**BRIEF:**
Set down each line of the material that follows exactly, and leave its pictures out.

**COLLECTED DATA:**

....................

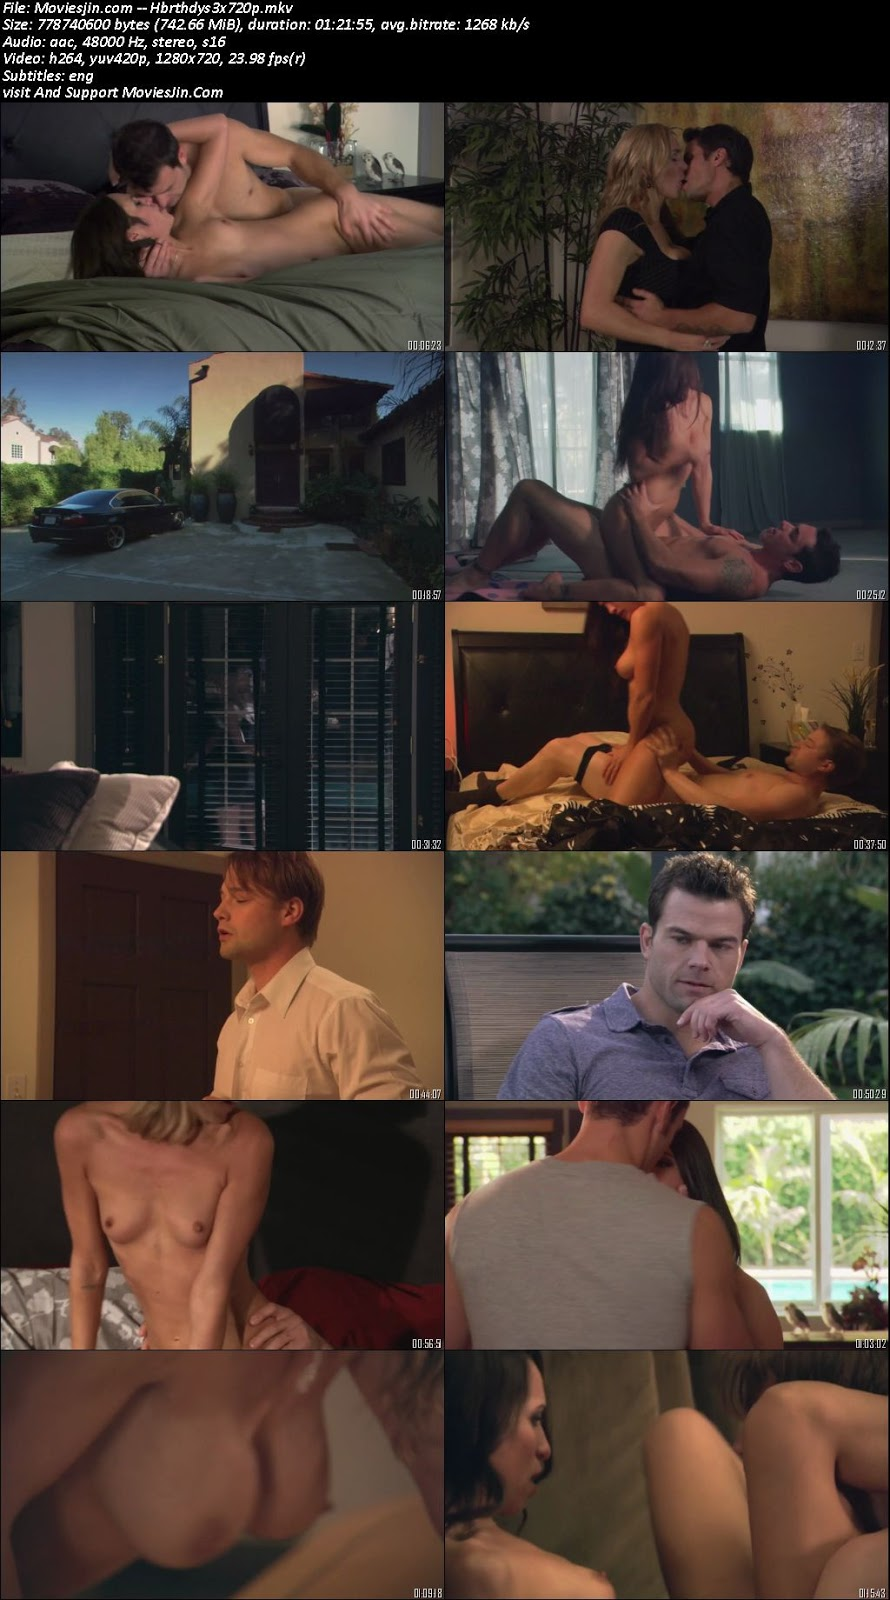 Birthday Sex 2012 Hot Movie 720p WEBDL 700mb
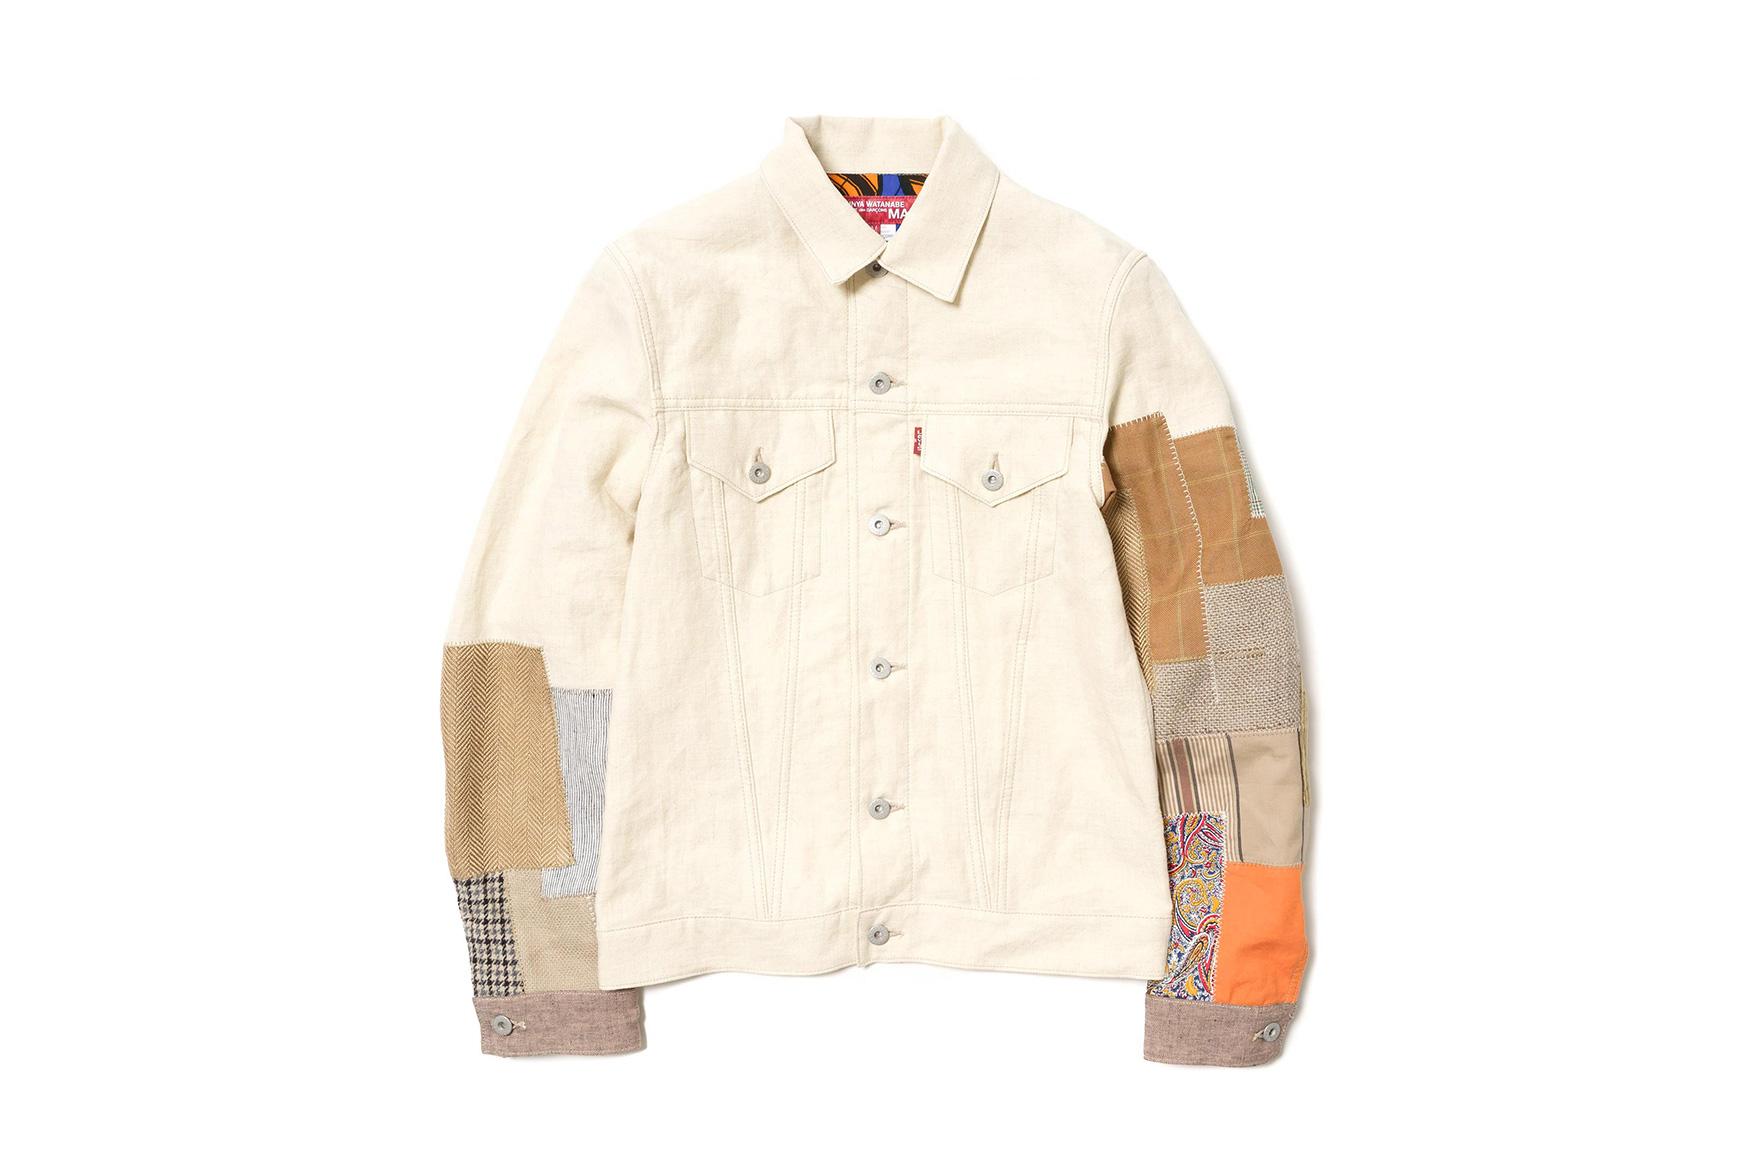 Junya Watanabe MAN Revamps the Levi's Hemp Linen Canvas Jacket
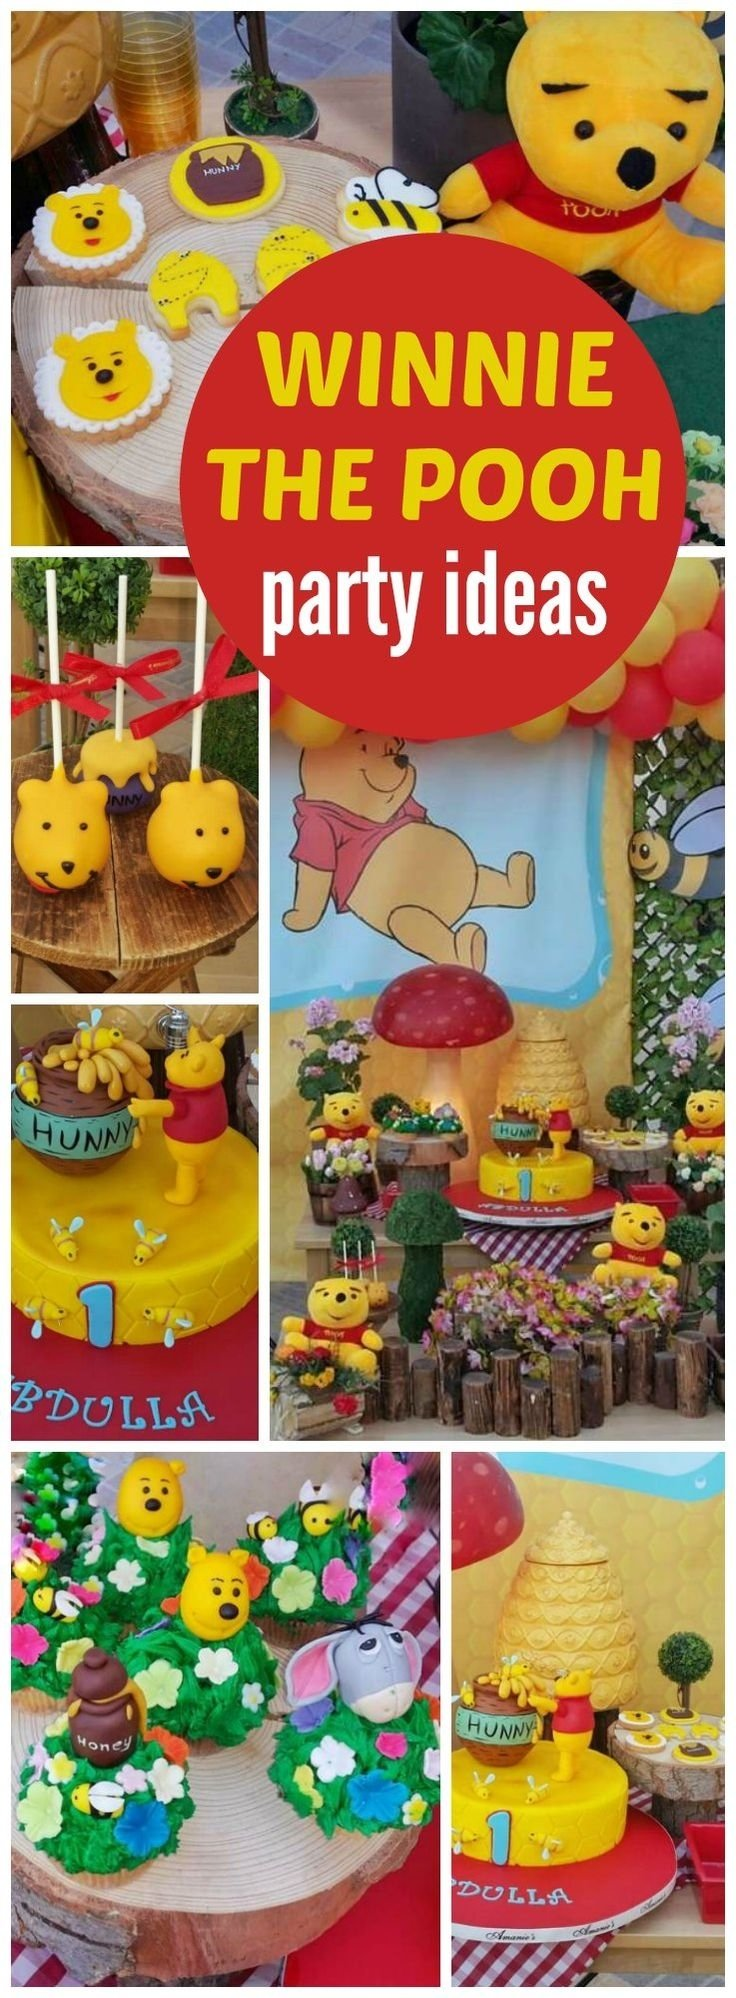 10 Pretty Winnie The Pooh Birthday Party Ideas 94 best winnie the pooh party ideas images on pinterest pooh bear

....................

**FINISHED TASK:**
 Birthday Sex 2012 Hot Movie 720p WEBDL 700mb
 Junya Watanabe MAN Revamps the Levi's Hemp Linen Canvas Jacket
 10 Pretty Winnie The Pooh Birthday Party Ideas 94 best winnie the pooh party ideas images on pinterest pooh bear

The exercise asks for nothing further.